Defendant was convicted by the court sitting without a jury of the crime of forgery and uttering and publishing contrary to MCLA 750.248; MSA 28.445 and MCLA 750.249; MSA 28.446. He was sentenced to a term in prison of 5 to 14 years and appeals, alleging several errors.

Defendant was initially convicted of the same charges upon a plea of guilty on December 15, 1970. Subsequently, on May 23, 1972, the plea of guilty was set aside and the defendant was rearraigned on the original charges. Upon defense motion the matter was remanded to the district court for a preliminary examination. The preliminary examination was commenced on June 22, 1972, and upon motion of the prosecutor was adjourned to July 11, 1972. The defendant alleges that error was committed by the district judge in granting the people’s motion for adjournment, because the prosecutor brought the prior invalid guilty plea to the attention of the district judge. In examining the record we find that the only purpose for bringing this to the attention of the district judge was to reinforce the prosecutor’s request for adjournment. In addition, the prosecutor pointed out that a material witness whom he expected to be present was absent from the state and could not be produced at the June 22, 1972 hearing. Adjournment of a preliminary examination for a good cause is in compliance with the statute. MCLA 766.7; MSA 28.925. People v Den Uyl, 320 Mich 477; 31 NW2d 699 (1948). People v Spalding, 17 Mich App 73; 169 NW2d 163 (1969). We do not believe that the district judge abused his discretion in granting the adjournment.
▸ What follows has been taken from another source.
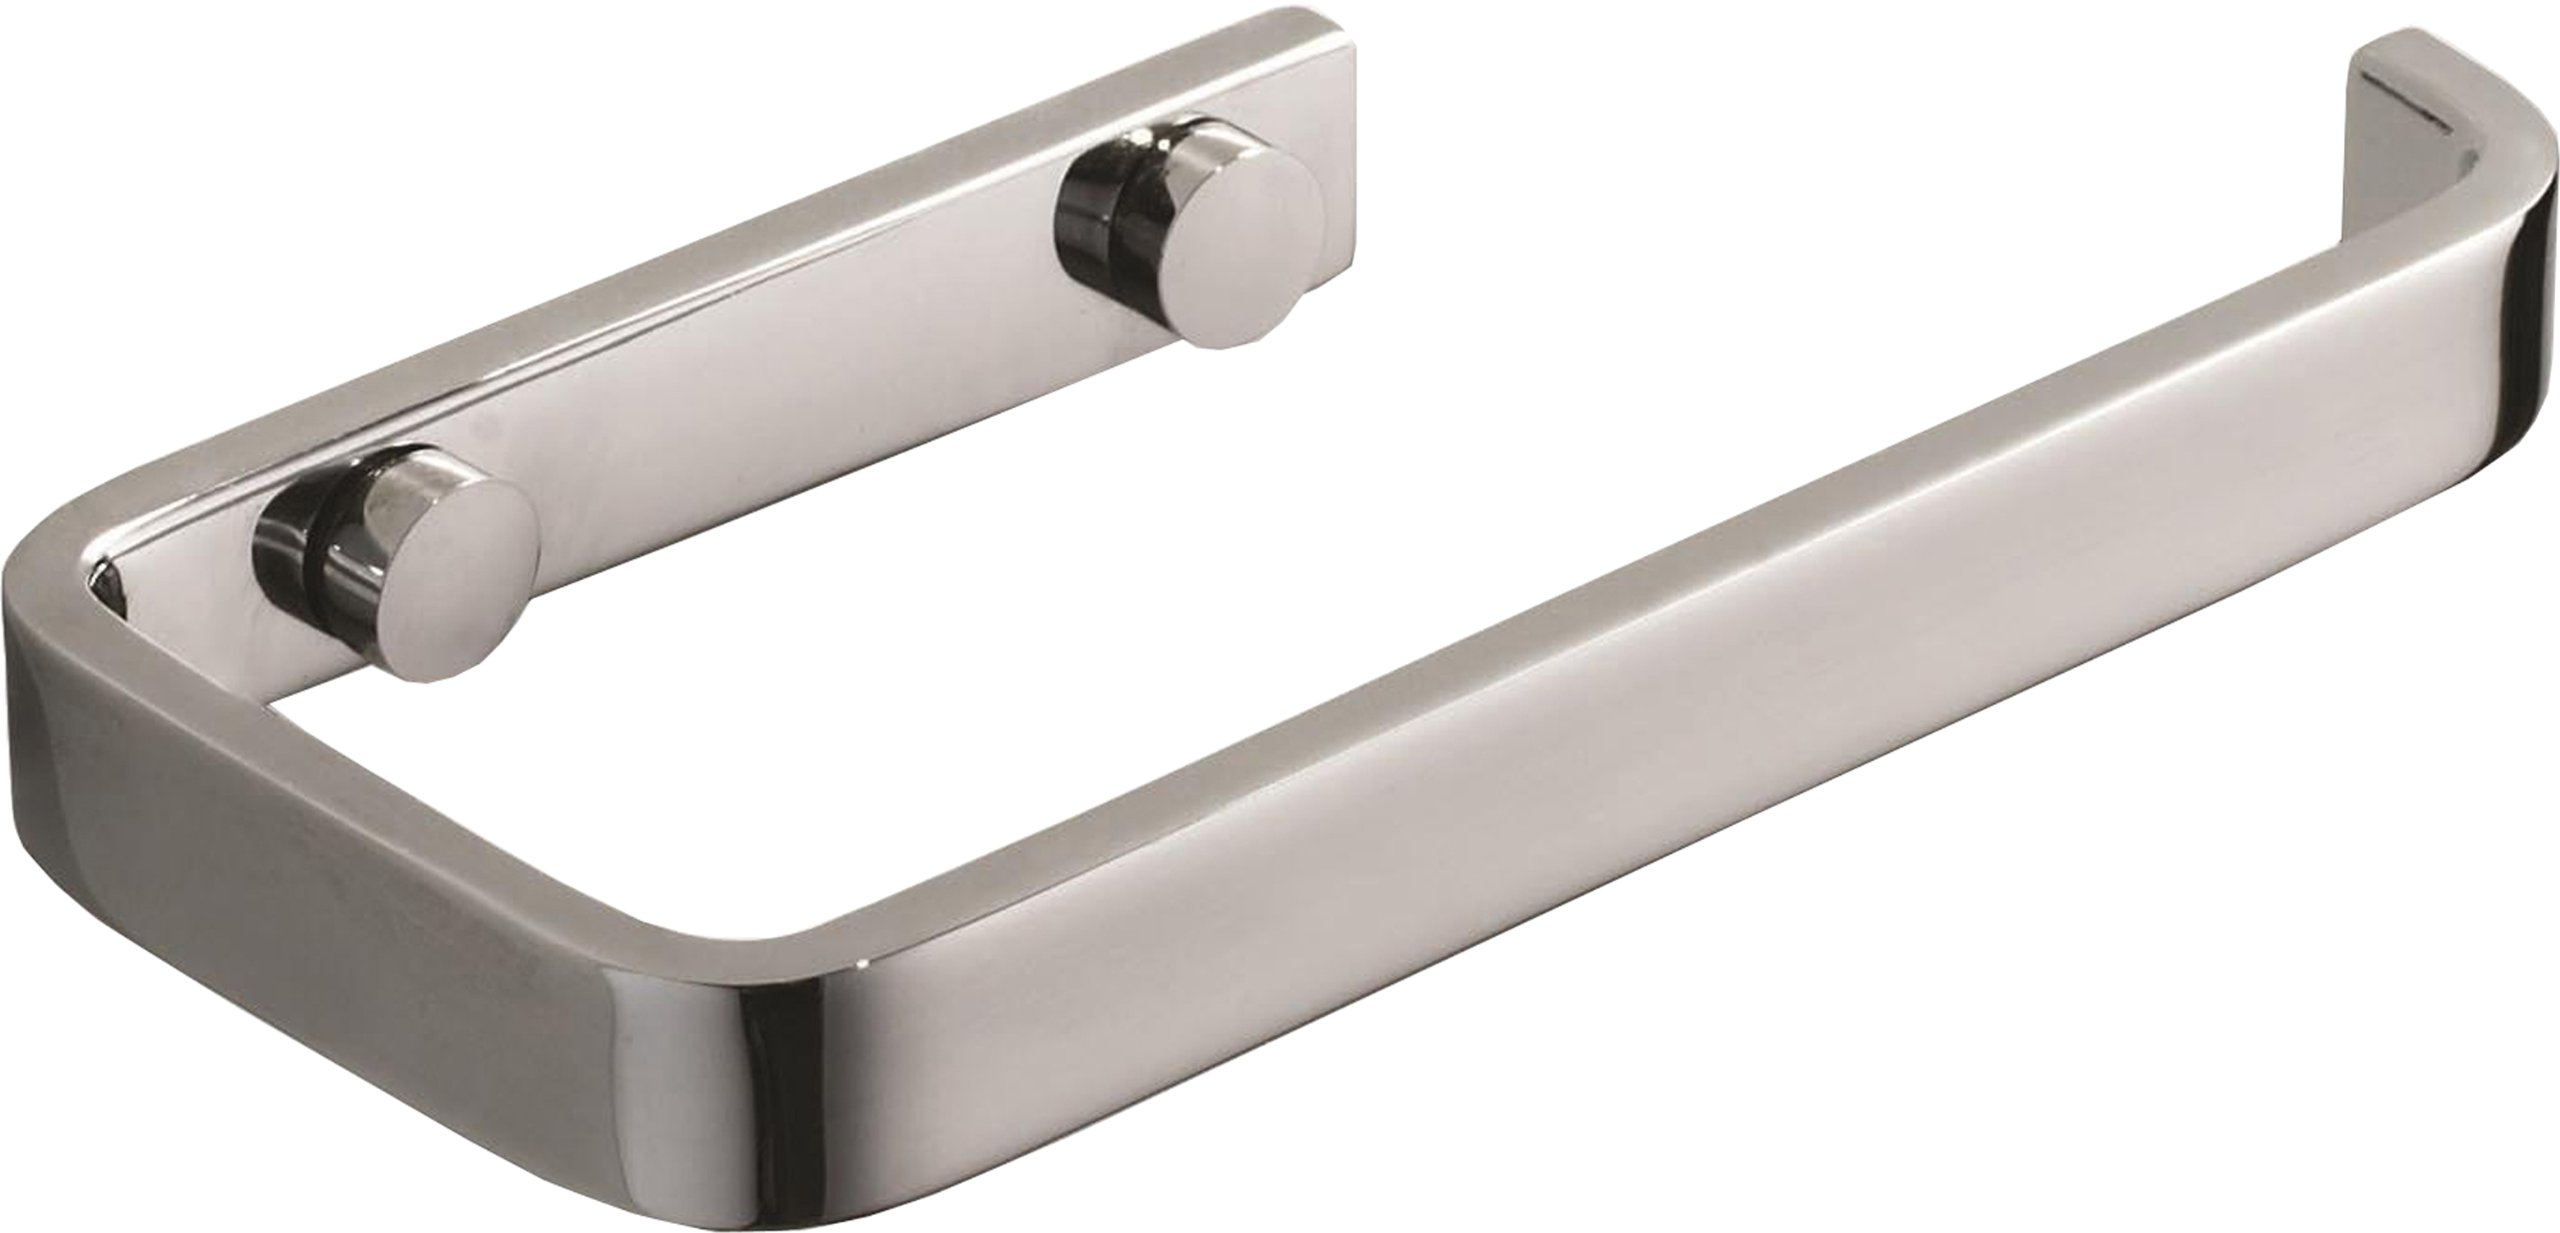 Atlas Homewares SOTP-CH  Solange Toilet Paper Bar, Polished Chrome

Nor do we believe that the circuit judge erred in refusing *761 to quash the information because the district judge had been made aware of an invalid guilty plea transcript. People v Ramsey, 385 Mich 221; 187 NW2d 887 (1971), is not applicable because the district judge did not sit as a trier of fact to determine guilt or innocence. He determined only if an offense had been committed and if there was probable cause that it was committed by the defendant.

Defendant next alleges error because the circuit judge who had previously accepted the plea of guilty sat on the defendant’s motion to quash the information. We would point out that it was the same circuit judge who after accepting the plea of guilty set the same aside. Furthermore, there was no motion to disqualify the judge, nor do we believe that there was any requirement that he disqualify himself sua sponte. Thus, the matter has not been properly preserved for appeal.
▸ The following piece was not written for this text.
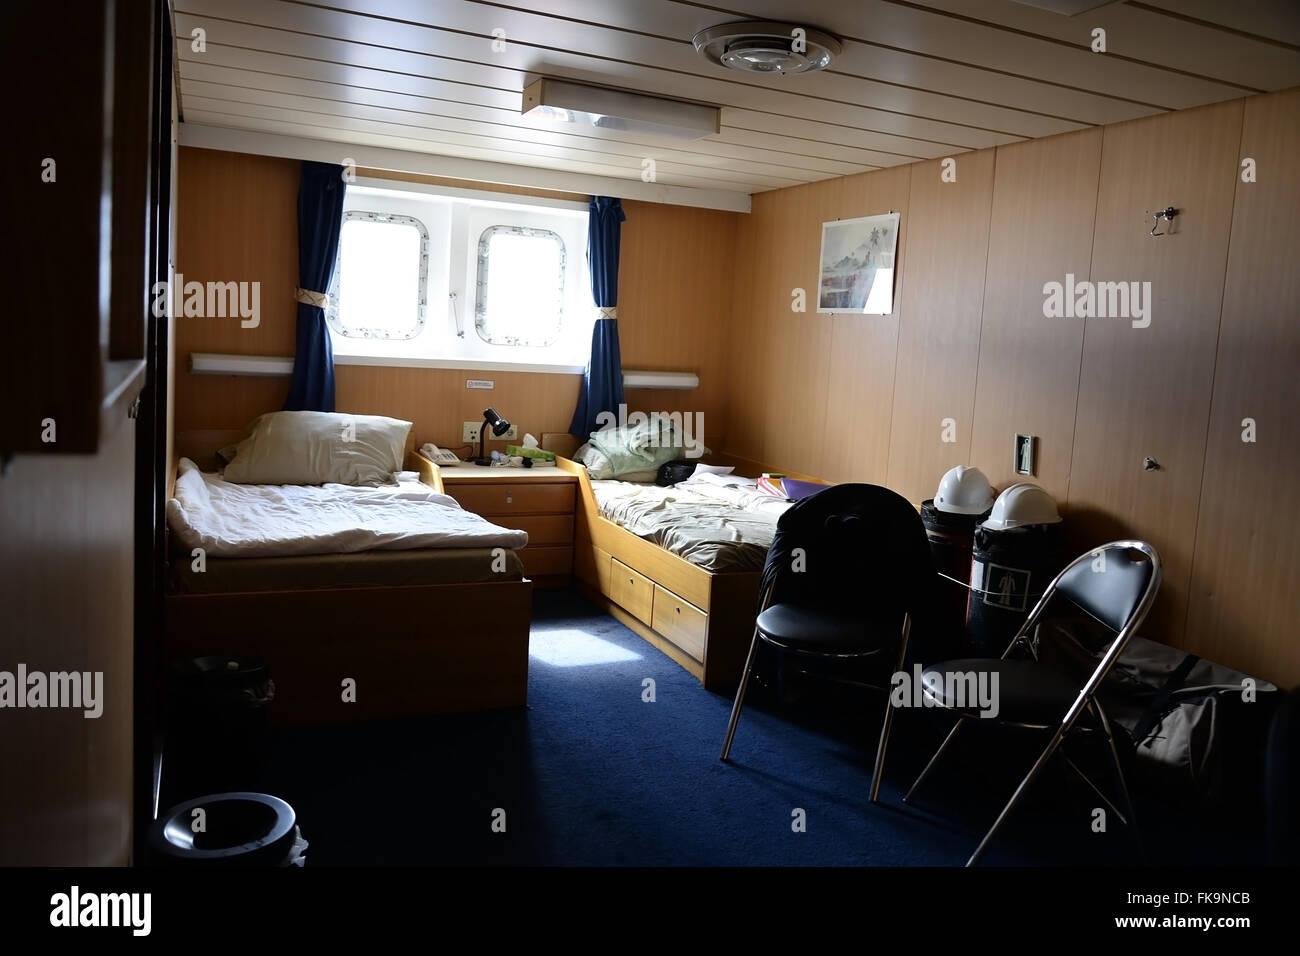 Bunk Beds Cabin Stockfotos & Bunk Beds Cabin Bilder - Alamy

Defendant next claims that the trial court erred by allowing the testimony of a res gestae witness whose name did not appear on the copy of the information given to the defendant, but appeared on the information filed with the court. While several questions are raised as to why the name of the witness appeared on the court’s copy and the prosecutor’s copy but not on the defendant’s copy, we note from the record that the defendant was well-aware that the witness would be called to testify. Further, the court file was available to both parties, and although the defendant objected to the appearance of the witness he made no motion for a continuance, nor did he claim surprise. The record shows defense counsel conducted a very thorough and exhaustive cross-examination of. the witness. Thus, we find no prejudice or reversible error by allowing the witness to testify.. *762 People v Gilleylen, 31 Mich App 416; 188 NW2d 131 (1971).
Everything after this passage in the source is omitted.